Boatrupcty! Ninth Circuit Limits Bankruptcy Court’s Ability to Sell a Vessel Subject to a Maritime Lien

In Barnes v. Sea Hawaii Rafting, LLC, et al , Chris Barnes, a seaman injured in a ship explosion, filed suit against the shipowner for Jones Act negligence, unseaworthiness, and maintenance and cure. Barnes also sued the vessel, the M/V Tehani, in rem. After fifteen months of litigation, and shortly before trial, the vessel owner declared bankruptcy, and the district court stayed Barnes’ action. The district court concluded that the vessel was an asset of the owner’s estate, and therefore, the automatic stay barred the enforcement of Barnes’ maritime lien against the vessel for his wages.

The district court later dismissed Barnes’ claim for lack of jurisdiction because he failed to verify his amended complaint in which he sought to add a claim for negligence per se. The defendants answered the complaint with a general denial of in rem jurisdiction, but they failed to specifically challenge jurisdiction under Rule 12(b). The district court reasoned that Barnes unverified amended complaint, filed after more than fifteen months of litigation, superseded the original complaint and thus deprived the district court of jurisdiction. While the appeal was pending, the bankruptcy trustee sold the Tehani free and clear of any and all liens and subsequently moved to dismiss Barnes’ appeal as moot.

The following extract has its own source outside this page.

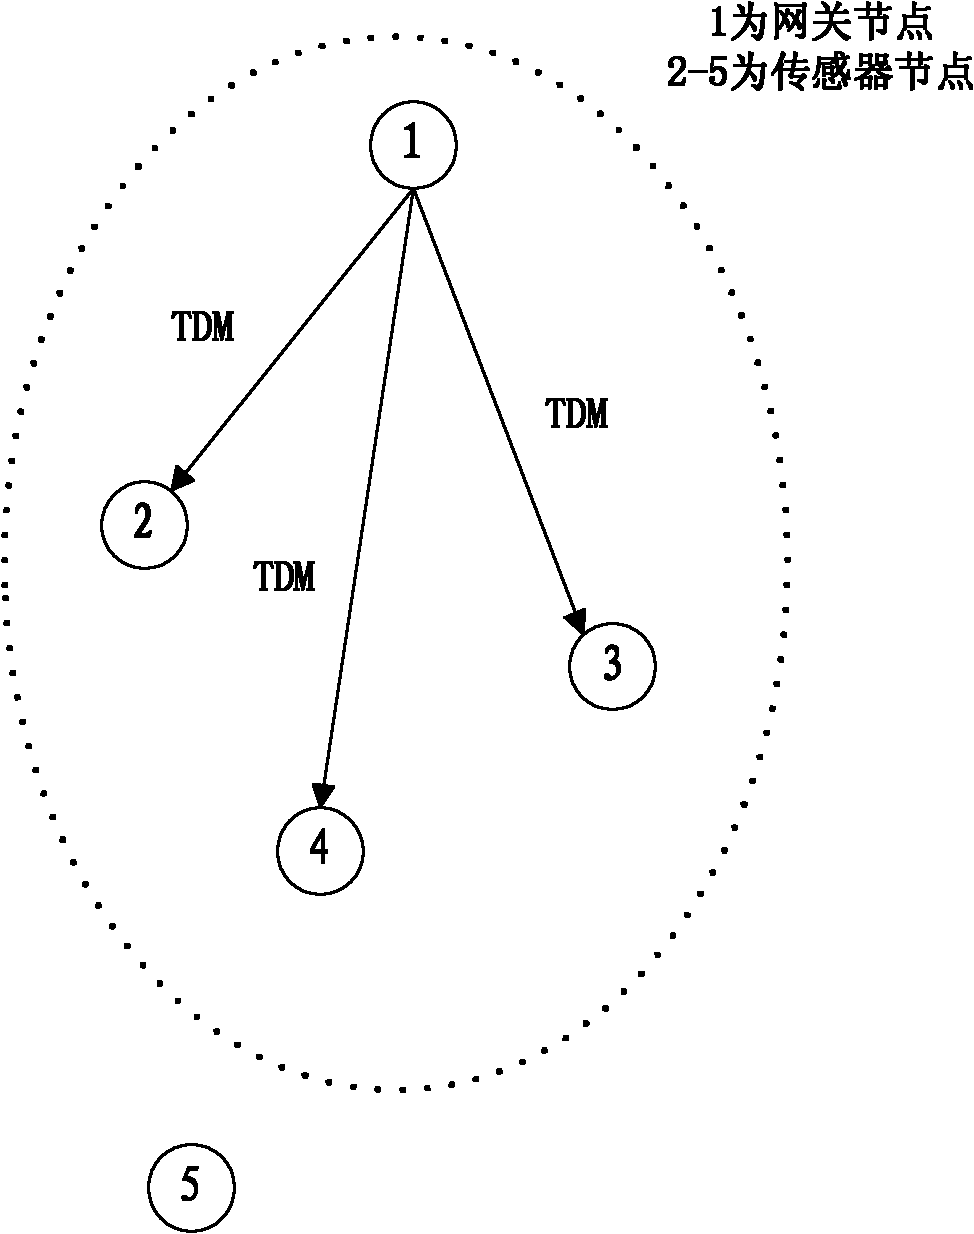 Power-adjustable zonal sensor network topology control method

On appeal, the Ninth Circuit found numerous errors, notably that the district court did not lose in rem jurisdiction, the automatic stay did not affect Barnes’ lien against the vessel, and the bankruptcy court had no authority to dispose of the lien. The court found that Barnes properly invoked in rem jurisdiction through his verified complaint, and the defendants then answered that complaint and participated in the litigation. The court relied on the general principle of admiralty law that control of the res, while necessary to establish jurisdiction, is not necessary to maintain jurisdiction. The court observed that “in rem jurisdiction, once vested, is not divested, although a state of things should arrive in which original jurisdiction could not be exercised.” Furthermore, the court noted, Rule (C) of the Supplementary Admiralty and Maritime Rules does not mandate verification of amended pleadings.

Similarly, relying on its previous decision in United States v. Chandon, the Ninth Circuit found that the bankruptcy court lacked jurisdiction to dispose of Barnes’ maritime lien. Relying on Chandon, the court reasoned that the automatic stay does not expressly refer to maritime liens, which, when owed to seamen due to their service, are “sacred liens entitled to protection as long as the plank of the ship remains.” Furthermore, the court found that because the two courts had concurrent and coordinate jurisdiction over the vessel, the district court should not have been deprived of jurisdiction simply because it had not obtained physical possession of the vessel. The court noted that even if the bankruptcy court had in rem jurisdiction over the Tehani, the law remains unsettled as to whether a bankruptcy court can sell a vessel free and clear of maritime liens.

The Barnes court addressed the well-known Millennium Sea Carriers opinion, in which the Second Circuit held that a bankruptcy court could extinguish a maritime lien in an admiralty adversary proceeding to which the lienors voluntarily submitted. The Ninth Circuit found that case distinguishable because it turned on the lienor’s consent to bankruptcy jurisdiction, as opposed to bankruptcy court’s application of bankruptcy law rather than admiralty law and Barnes’ failure to voluntarily submit to the court’s jurisdiction. Consequently, unlike in Millennium Sea Carriers, the bankruptcy court’s attempt to dispose of the lien was ineffectual.

While the court passed on the ultimate question—whether a bankruptcy court can sell a vessel free and clear of maritime liens under bankruptcy law absent the lienor’s consent to jurisdiction—the significance of the Barnes decision should not be understated. A district court’s in rem jurisdiction arising from an action for enforcement of a maritime lien against a vessel will not be divested by the vessel owner’s subsequent bankruptcy filing. Thus, a bankruptcy court’s automatic stay resulting from the bankruptcy filing of a vessel owner will not affect the enforcement of a maritime lien. Nonetheless, because much of the law governing the interplay between admiralty and bankruptcy jurisdiction remains unsettled, a party pursuing maritime lien should always contest bankruptcy jurisdiction to avoid the risk of the bankruptcy court disposing of the maritime lien.